The enterprise is nestled inside a nondescript office
complex in Gwinnett County. No signage proclaims the nature of what’s behind
the front door, and inside, there’s little in terms of furnishings or décor.
Despite this unassuming façade, the Norcross office is
the base for an operation that’s helping an increasing number of Georgians
afford their medications.
The Good Pill drug donation and reuse program is
now serving about 1,000 patients in the state, and the number has been growing
by 40 percent a month since its formal launch in January.
Good Pill is affiliated with a national nonprofit known
as Sirum (Supporting Initiatives to Redistribute Unused Medicine), which was
founded by students at Stanford University in California to help the uninsured
and underinsured and others struggling to pay their prescription costs.
Sirum and Good Pill co-founder Kiah Williams says about
20 nursing homes and five long-term care pharmacies donate unexpired
medications to Good Pill.
It’s a mail-order operation. Physicians can send a
prescription electronically, by phone or fax, or a patient can get a doctor to
send it, or have Good Pill work out a transfer from another pharmacy.
Sirum operates such programs in five states, but Good
Pill is the only one that distributes the medicines by mail order.
A small warehouse with the Good Pill office has rows of medications,
which are logged by a computer system. “We’re serving people all over the
state,’’ Williams says.
The Georgia General Assembly passed a law in 2016
establishing regulations for such a drug donation program.
One satisfied customer is Phil Demarcus, 64, of
Fayetteville, who has no health insurance. He says he may save hundreds of
dollars a year on heart, cholesterol and diabetes medications through Good
Pill. He pays $6 for each 90-day supply of a drug. “It’s nothing but a
blessing,’’ he says.
The cost of drugs – and health care in general — can be
financially devastating for an uninsured individual or family. The Commonwealth
Fund, in its 2018 state scorecard, said that 17 percent of Georgia adults were
going without needed care due to cost.
Prices of prescription drugs, meanwhile, have soared over
recent years.
Bloomberg recently reported that 255 brand-name drugs had
increases between Feb. 1 and July 15, according to the drug pricing
website GoodRx.
Even for many people with insurance, high deductibles can
make some drugs unaffordable. In a national 2014 poll by the New York
Times and CBS News, 25 percent of families reported that in the past few years,
someone in their household had chosen not to fill a prescription, had taken
insufficient doses of their prescribed medicine or had skipped doses because of
cost.
Good Pill’s inventory has limits, of course. Its supplies
of some medications are currently low, so new patients are not being accepted
now for those drugs.
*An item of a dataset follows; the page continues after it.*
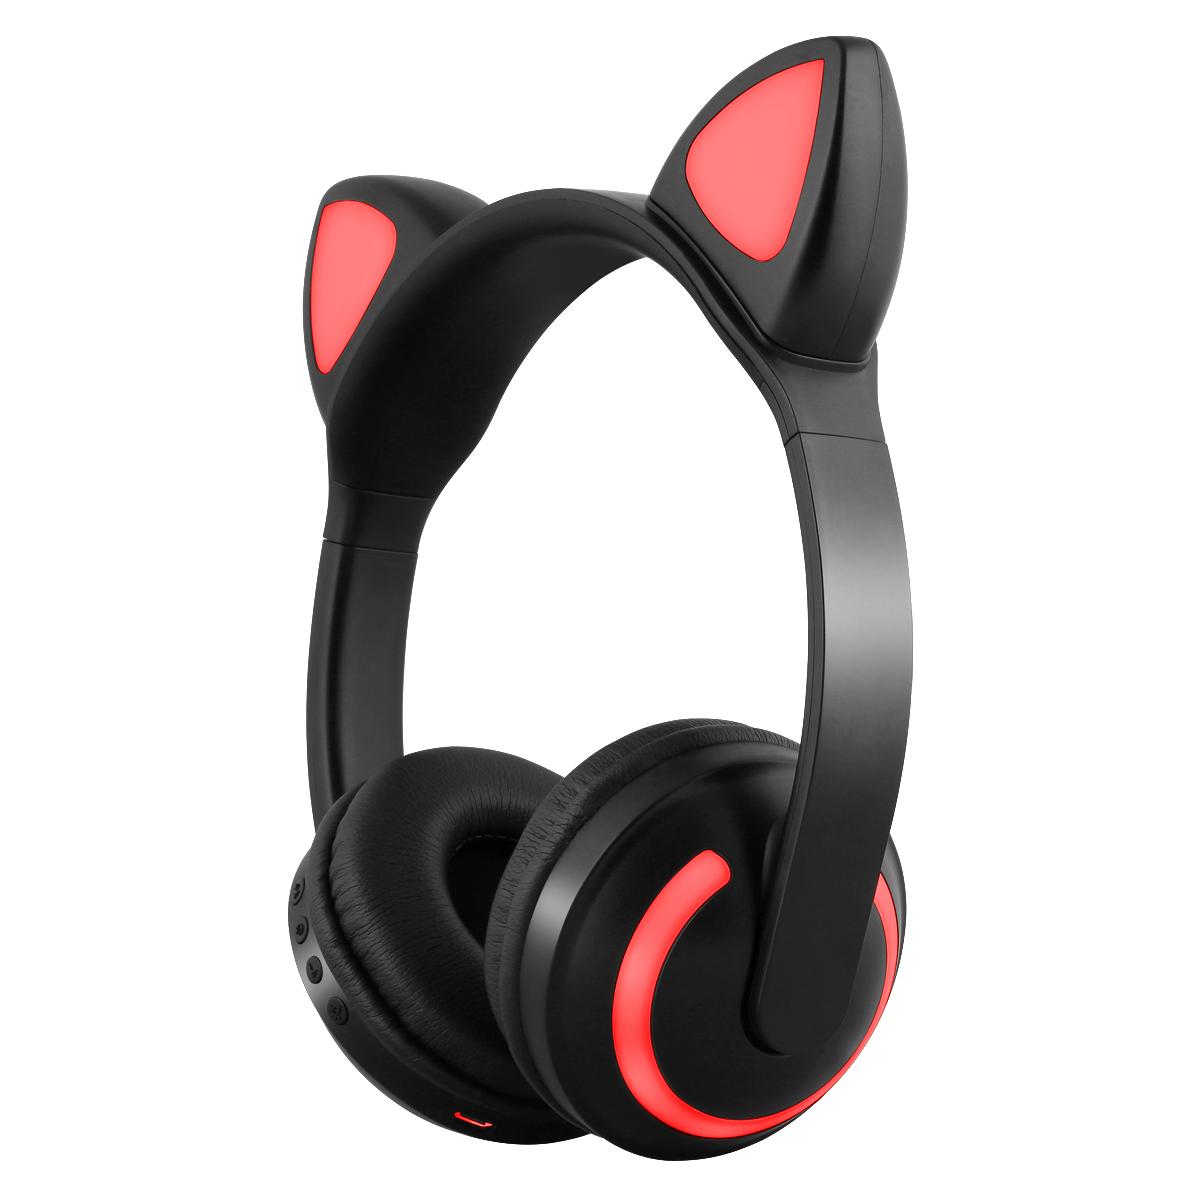 Wireless Bluetooth Stereo Cute Animal Ear Design Headphones Flashing Glowing Gaming Headset cat ear

But it has more than 400 different medications,
across the spectrum of chronic conditions.
Williams says Good Pill has dispensed $2 million of
medicines so far. It’s in need of not only donations, but also volunteer
pharmacists and pharmacy techs and students. “We’re also interested in partnering
with other safety-net providers whose patients need medications.”
“We think there’s a huge opportunity for hospitals’’ to
donate unexpired drugs, Williams adds.
According to the National Conference on State
Legislatures, 38 states have such donation and reuse laws, but many don’t have
functioning programs. Common obstacles include a lack of awareness about the
programs, no central agency designated to operate and fund the program, and
added work and responsibility for repository sites that accept the donations.
Like other such reuse programs, Good Pill does not
distribute expired medications, opioids or any controlled substances. The drugs
donated must be unopened and in sealed, tamper-resistant packaging.
Donna Looper, executive director of the Georgia
Charitable Care Network, says Good Pill/Sirum “is one of the many great
available resources free and charity clinics use to help their patients get the
meds they need.”
Though she has Medicare’s drug coverage, Elaine Francis
of Lawrenceville says the cost of her eight medications can get unmanageable.
She gets three of her prescriptions through Good Pill. Francis estimates that
she has saved $1,000 over six months through Good Pill. She’s also urging her
son, who is uninsured, to sign up for the program.
“I’m looking to keep my prescription payments at a
livable level,’’ she says. Good Pill, she says, “is a way people can stay
healthy. And you don’t have to pick it up — they mail it. You can’t beat that.”